### Dataset content
[Start of section]

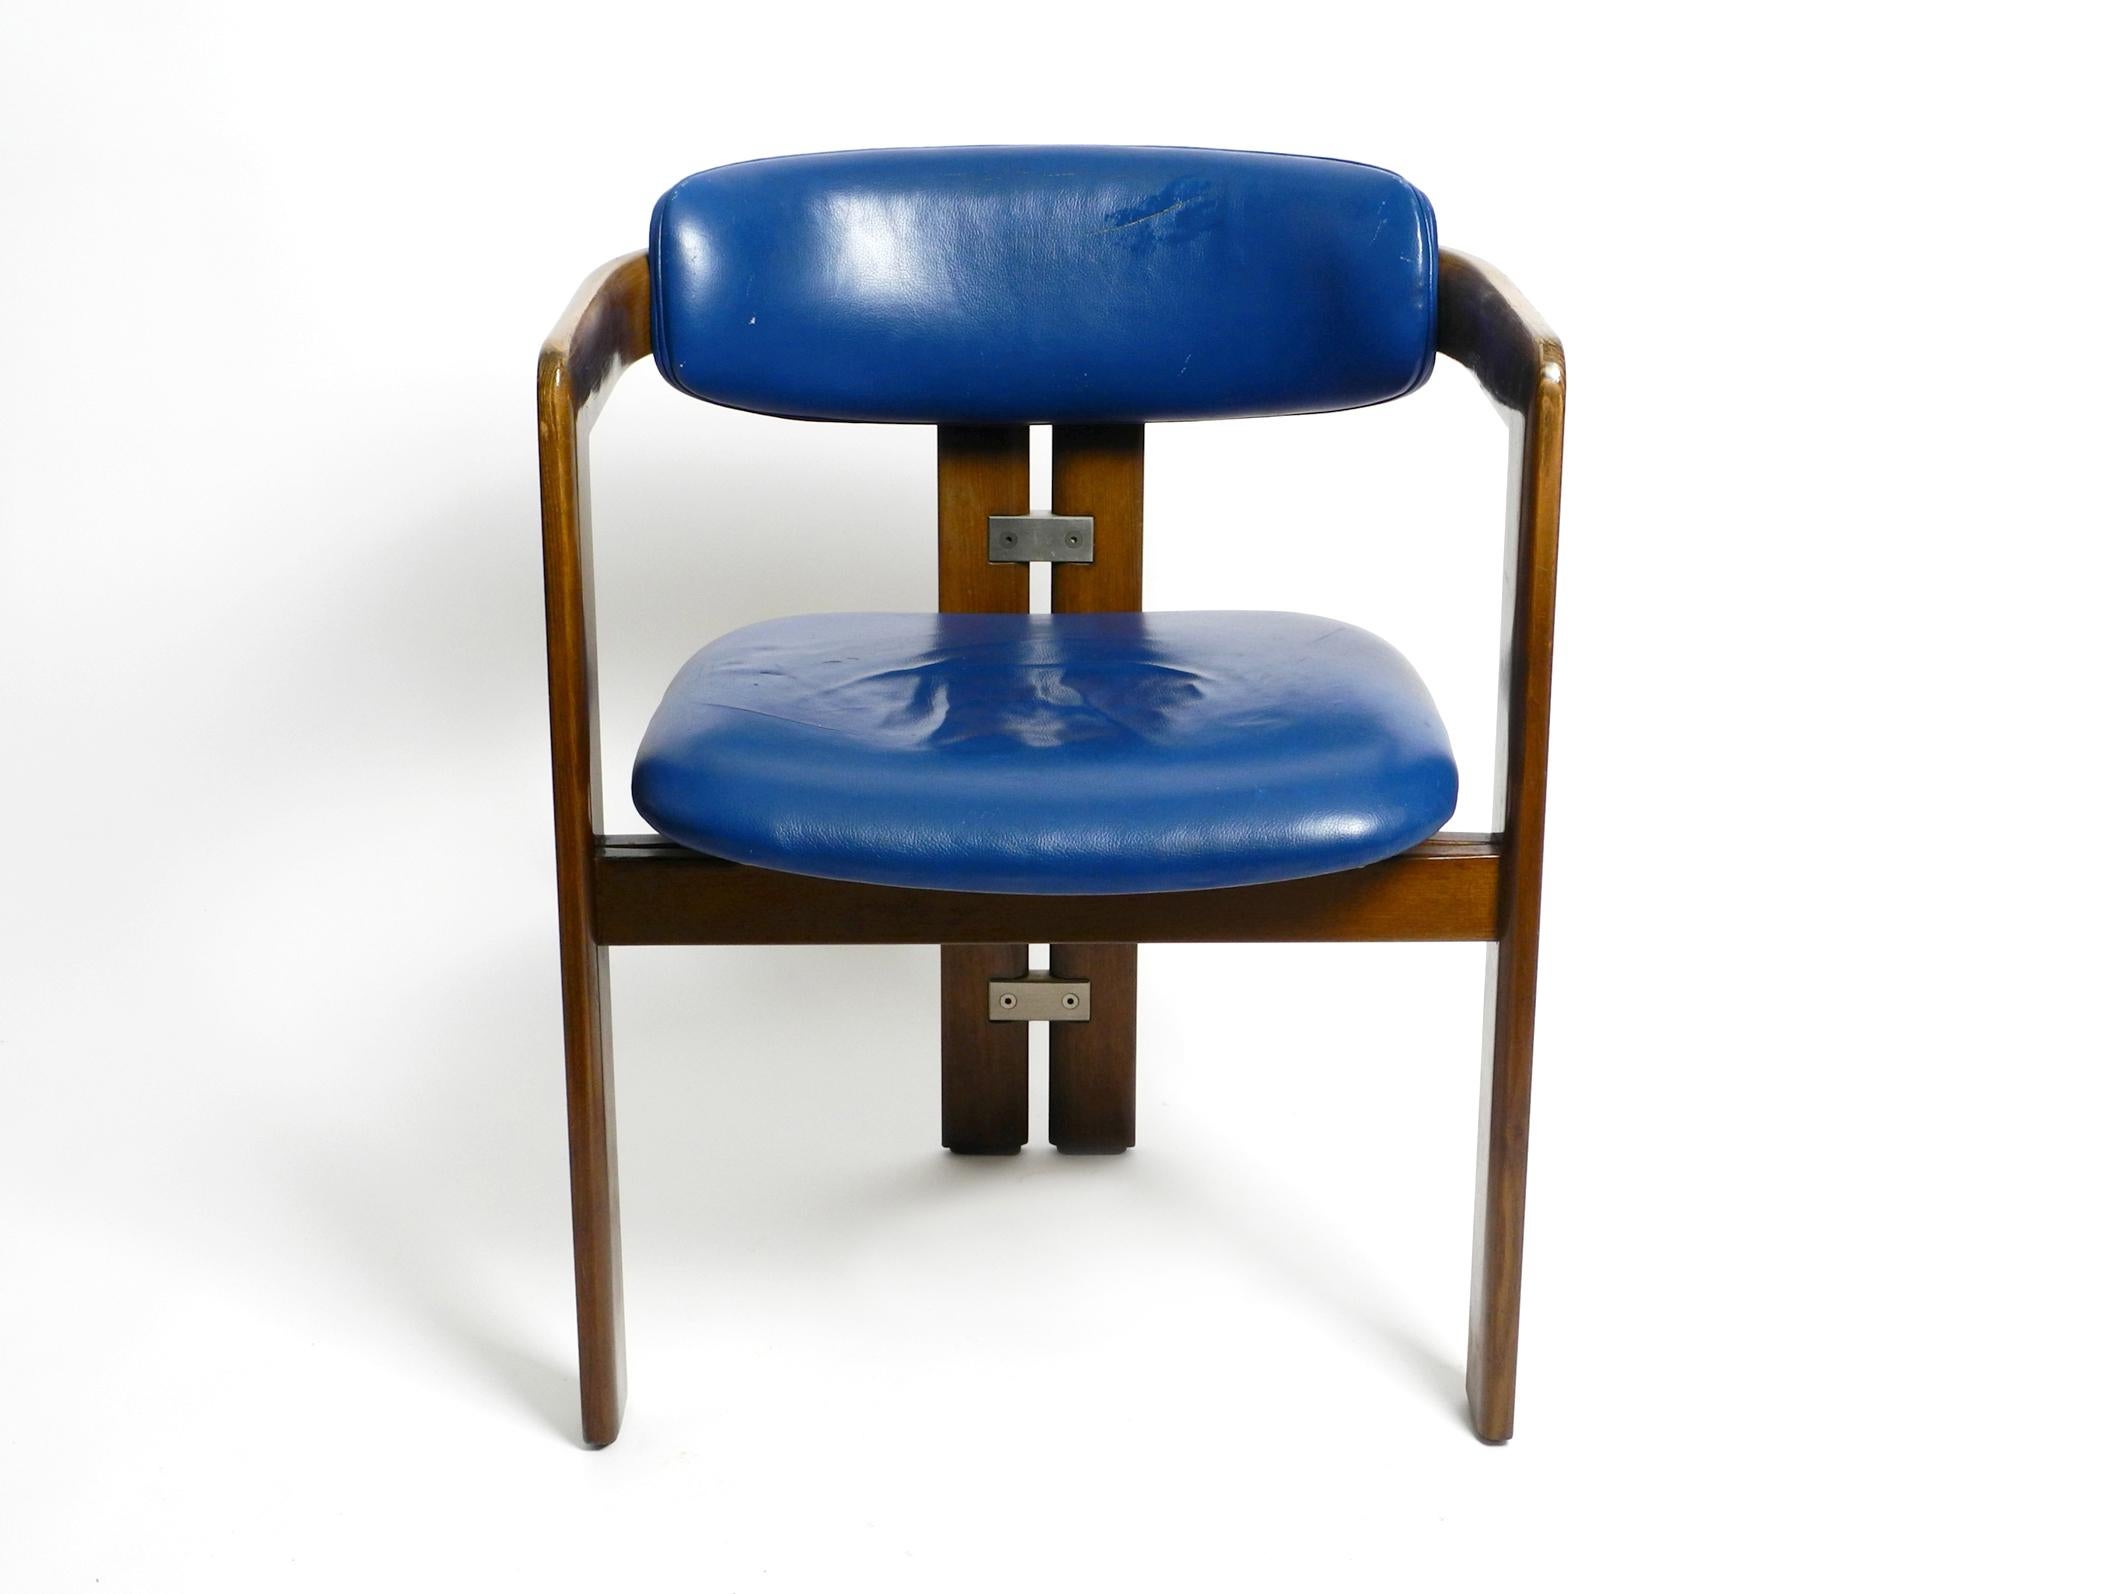 Une chaise Pamplona d'Augusto Savini pour Pozzi en cuir bleu d'origine rare et en bois de hêtre massif. Conçu en Italie en 1965.
Cadre en bois de hêtre teinté foncé. Cette chaise, avec son revêtement en cuir d'origine, date des années 1970.
100 %

[End of section]

### What is required
Without including any picture, reproduce the material above word for word.

### Reply
 Une chaise Pamplona d'Augusto Savini pour Pozzi en cuir bleu d'origine rare et en bois de hêtre massif. Conçu en Italie en 1965.
Cadre en bois de hêtre teinté foncé. Cette chaise, avec son revêtement en cuir d'origine, date des années 1970.
100 %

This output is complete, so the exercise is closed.